On the June 28 episode of Thunder, Vampiro came out proclaiming to have gotten rid of Sting, whom he was also feuding with, as well as Torborg and Asya. During his promo, the lights went out and Asya appeared in the ring before spitting a red liquid in his face as she did weeks prior. Torborg then attacked Vampiro with a baseball bat as the lights went out again and both Asya and Torborg were gone. The following week on Nitro, Asya was injured (in storyline) by an explosion during her entrance to the ring. Torborg wanted to tend to Asya in the hospital when a hooded figure (later revealed as Vampiro) handed him the Demon costume.

===Retirement===
On August 25, 2000, Wolf was released from her WCW contract.

==Personal life==
Wolf graduated with a degree in biotechnology.

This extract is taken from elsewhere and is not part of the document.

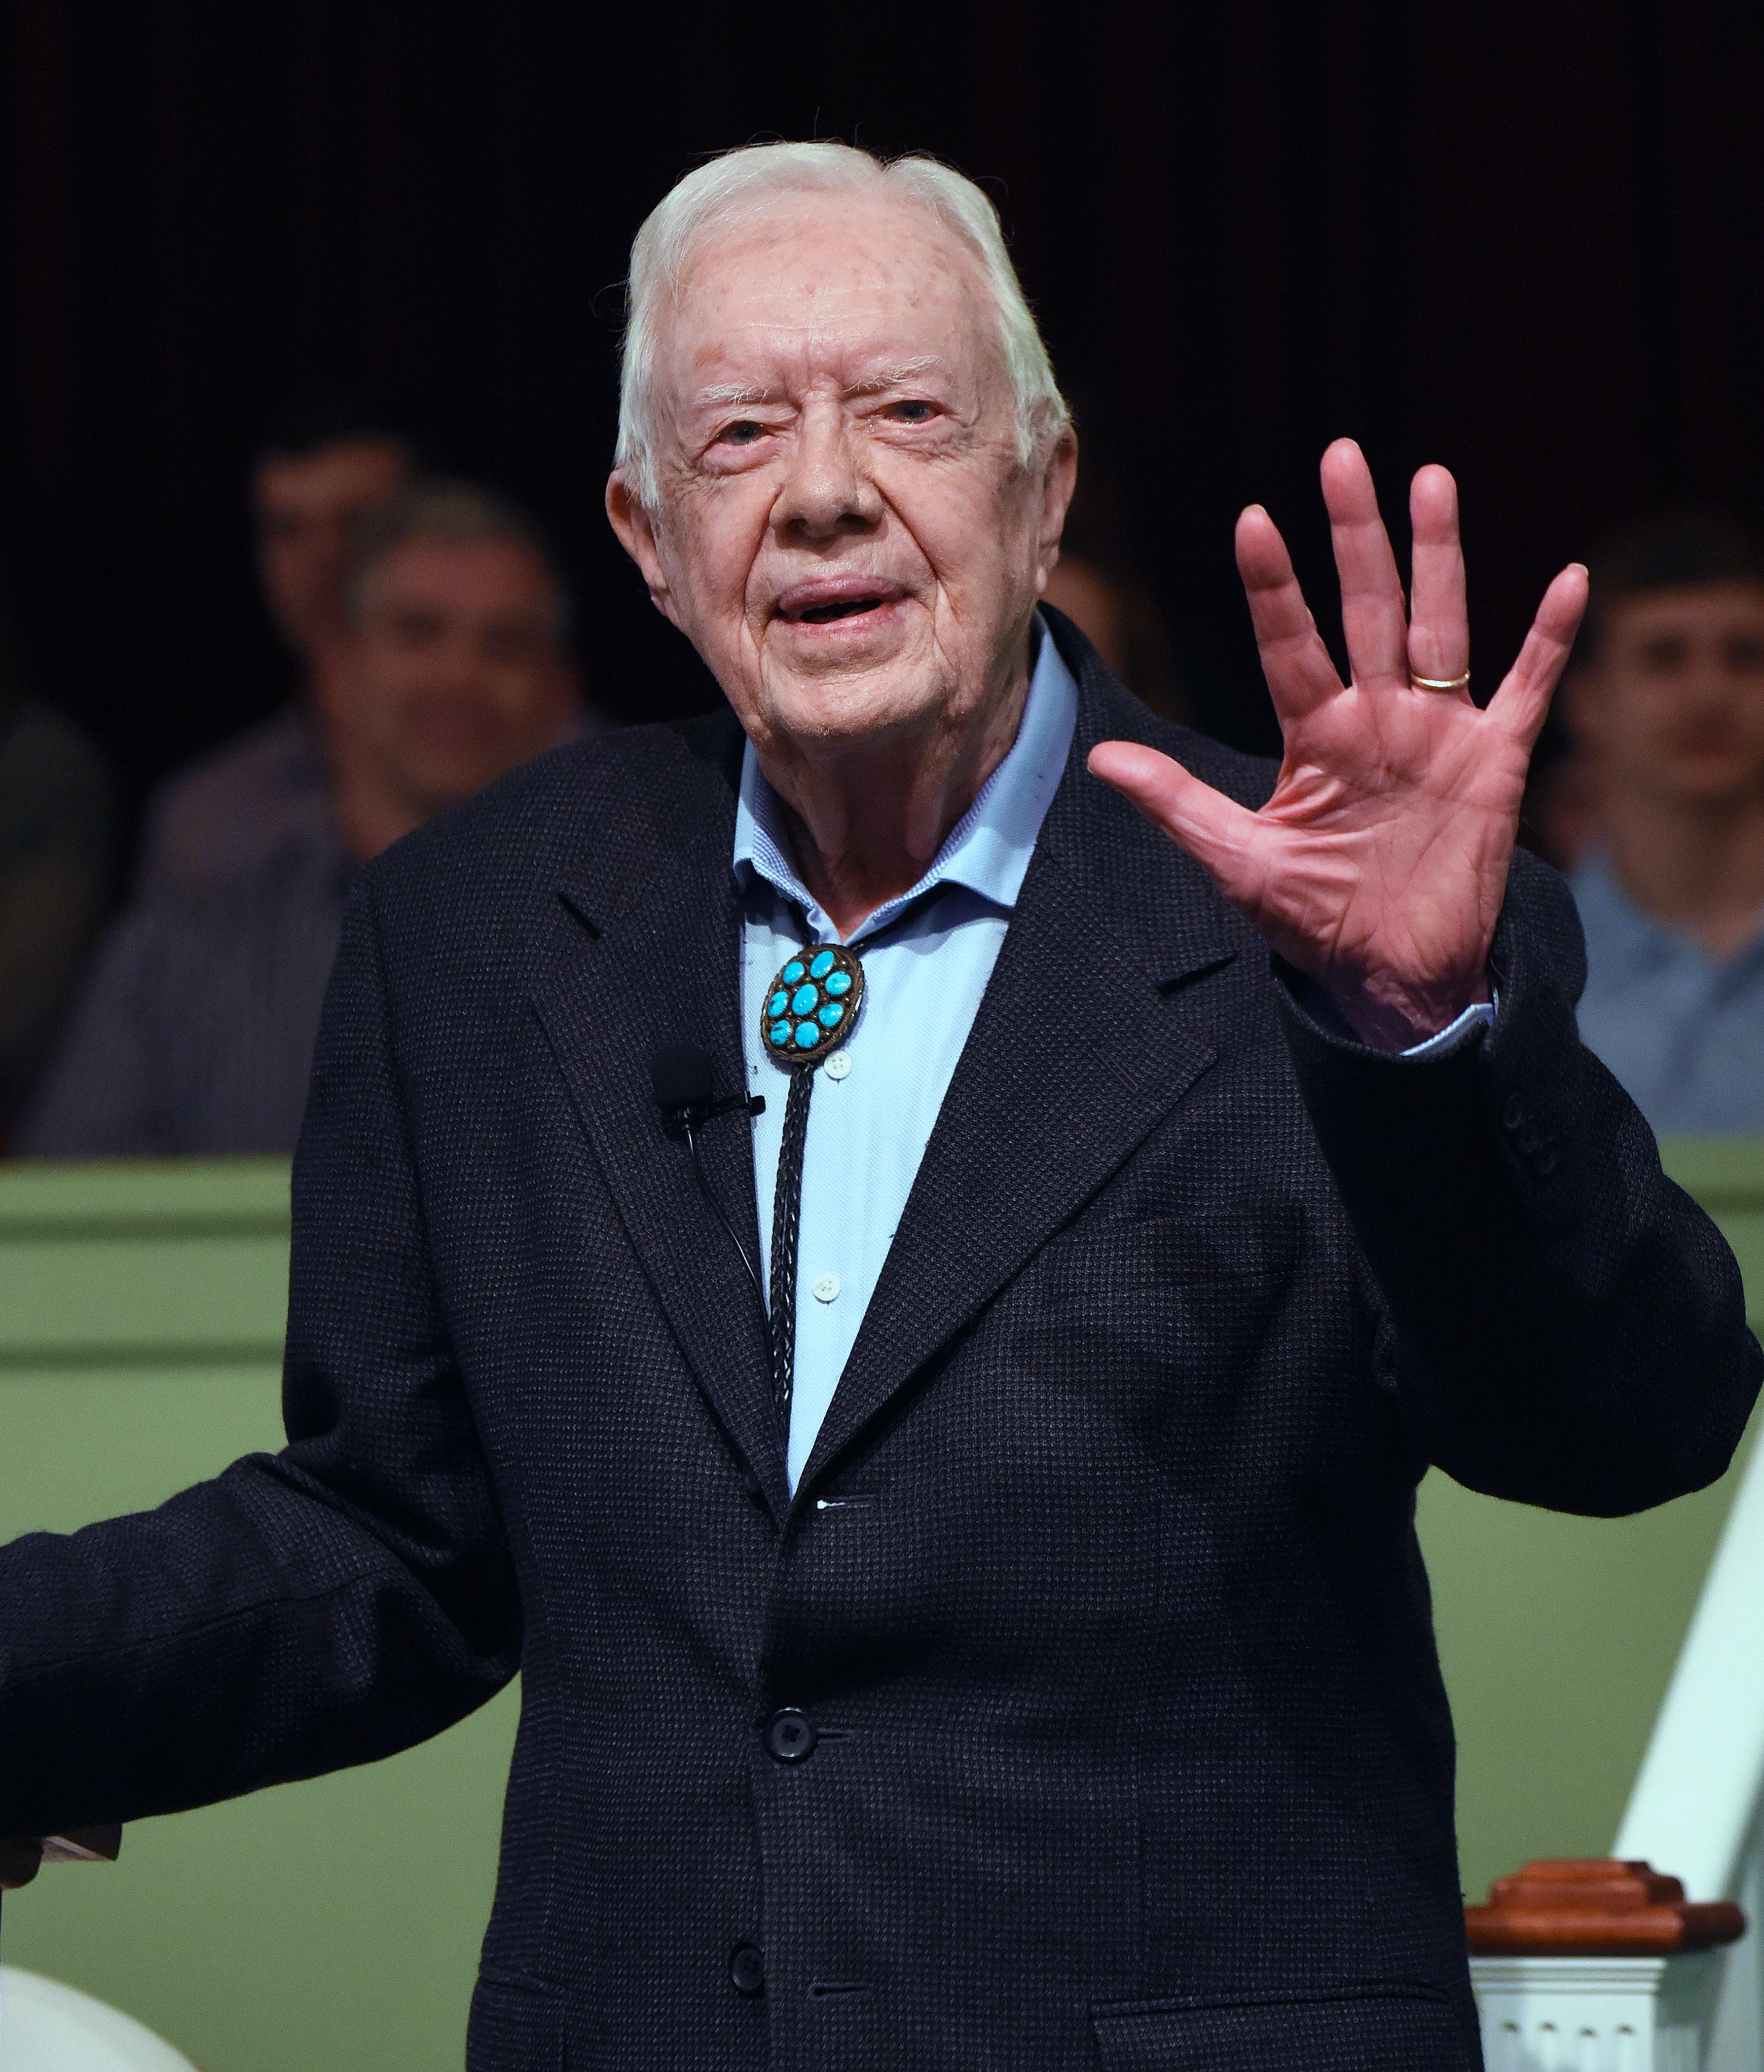 Former President Jimmy Carter addressing the congregation at Maranatha Baptist Church in Plains, Georgia on April 28, 2019 | Source: Getty Images

Wolf married Dale Torborg on October 5, 2000. The couple had their first child, a daughter named Sierra Raye, on August 18, 2005.

==Other media==

===Filmography===
- Ready to Rumble (2000) as "Asya"

==Championships and accomplishments==
- Bodybuilding
  - 1995 NPC Florida State Championship – 1st (HW)
  - 1997 Ms. Florida Bodybuilding Championship – 1st
  - 1997 NPC USA Championship – 6th (MW)
  - 1997 Pro Invitational Strength Extravaganza Championship – 1st
  - 1998 NPC Nationals – 1st (HW)
  - 2001 Jan Tana Classic – 4th (LW)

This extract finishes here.